Die Betreiberin und Mieterin des Nahkauf-Marktes, die gestern nicht erreichbar war, hat ein dreimonatiges Kündigungsrecht. Gekündigt hat sie laut Eigentümerin allerdings noch nicht. „Wir würden unseren Nahversorger verlieren“, sagte eine Kundin bedauernd. Gerade ältere Menschen im Ort nutzten das Geschäft.

Tatsache ist, dass es von der Masse der Appener nicht angenommen wird.
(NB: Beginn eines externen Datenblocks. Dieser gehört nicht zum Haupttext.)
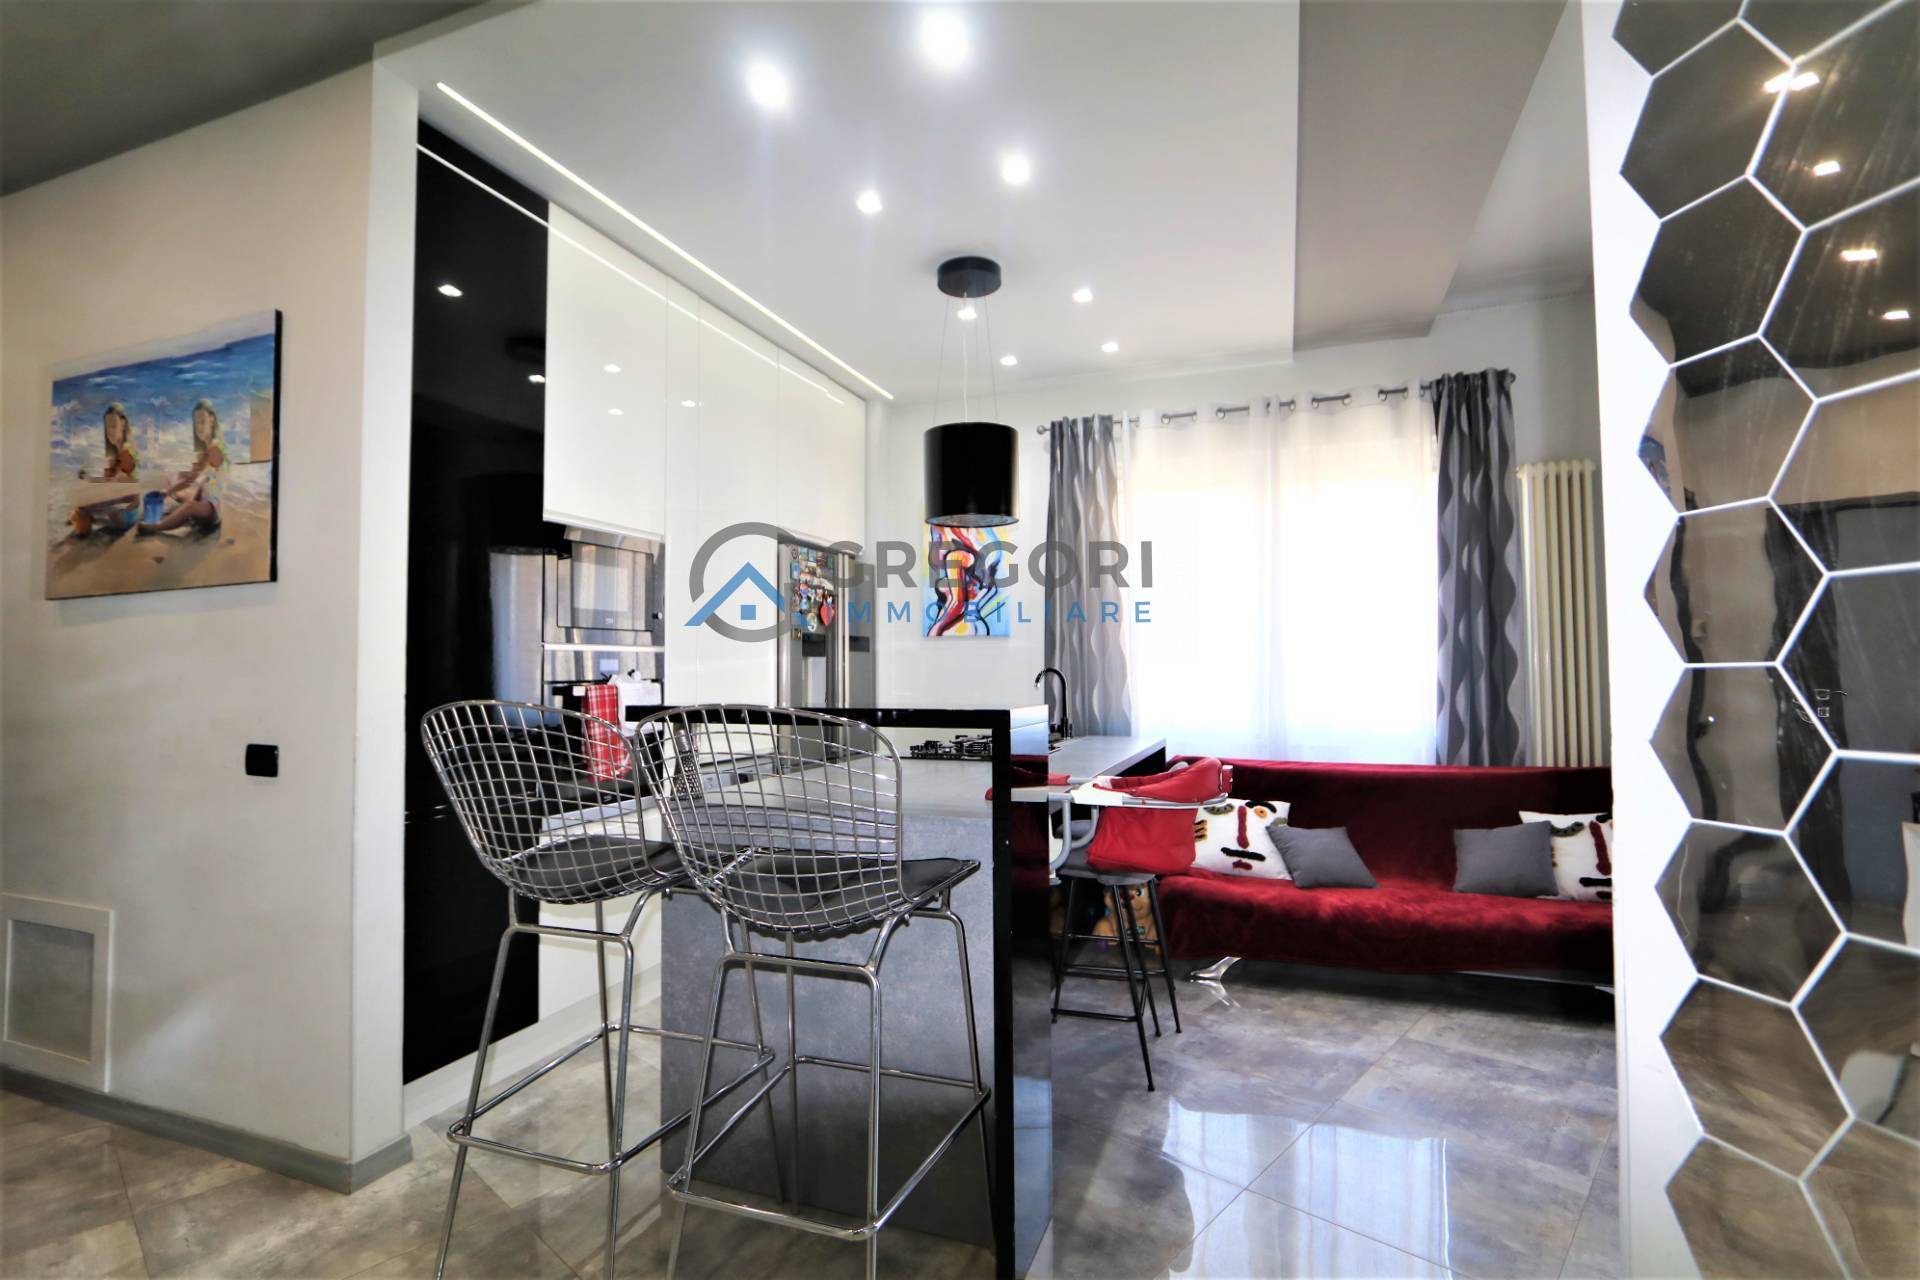 Appartamento in vendita a Nereto, 3 locali, prezzo € 90.000 | PortaleAgenzieImmobiliari.it
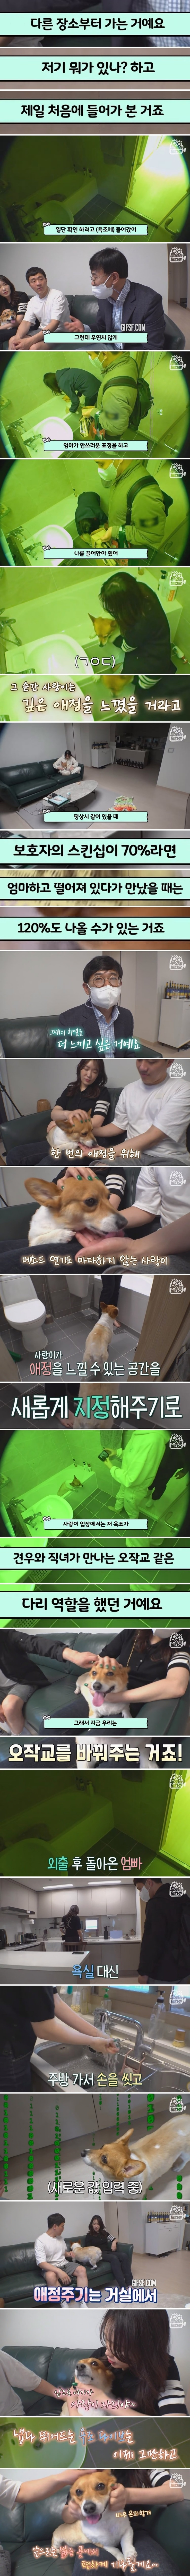 매일 욕조에 8시간 감금되는 강아지 (3).jpg

Auch die Vorgänger der jetzigen Geschäftsleiterin haben aufgegeben. „Wenn die Leute einen Laden im Ort haben wollten, würden sie hier einkaufen“, so die Eigentümerin. Von den paar Leuten, die regelmäßig kämen, könnte das Geschäft nicht bestehen.

Den Vorwurf, die Politik hätte weitsichtig für Erweiterungsmöglichkeiten des Marktes sorgen müssen, entkräftete der Bürgermeister. „Für die Flächen, die in Frage gekommen wären, hat die Gemeinde ein Vorkaufsrecht, aber die Eigentümer müssten ja verkaufen wollen“, sagte er.

Auch auf Flächen außerhalb des Zentrums der Gemeinde könne nicht zurückgegriffen werden. „Sie gehören uns nicht“, erklärte er. „Das eigentliche Problem ist, dass wir im Umkreis von zwei Kilometern Supermärkte und Discounter in großer Anzahl haben“, so seine Einschätzung.

Wer Interesse an der Immobilie hat oder Ideen einbringen möchte, kann sich über den Bürgermeister mit der Eigentümerin in Verbindung setzen.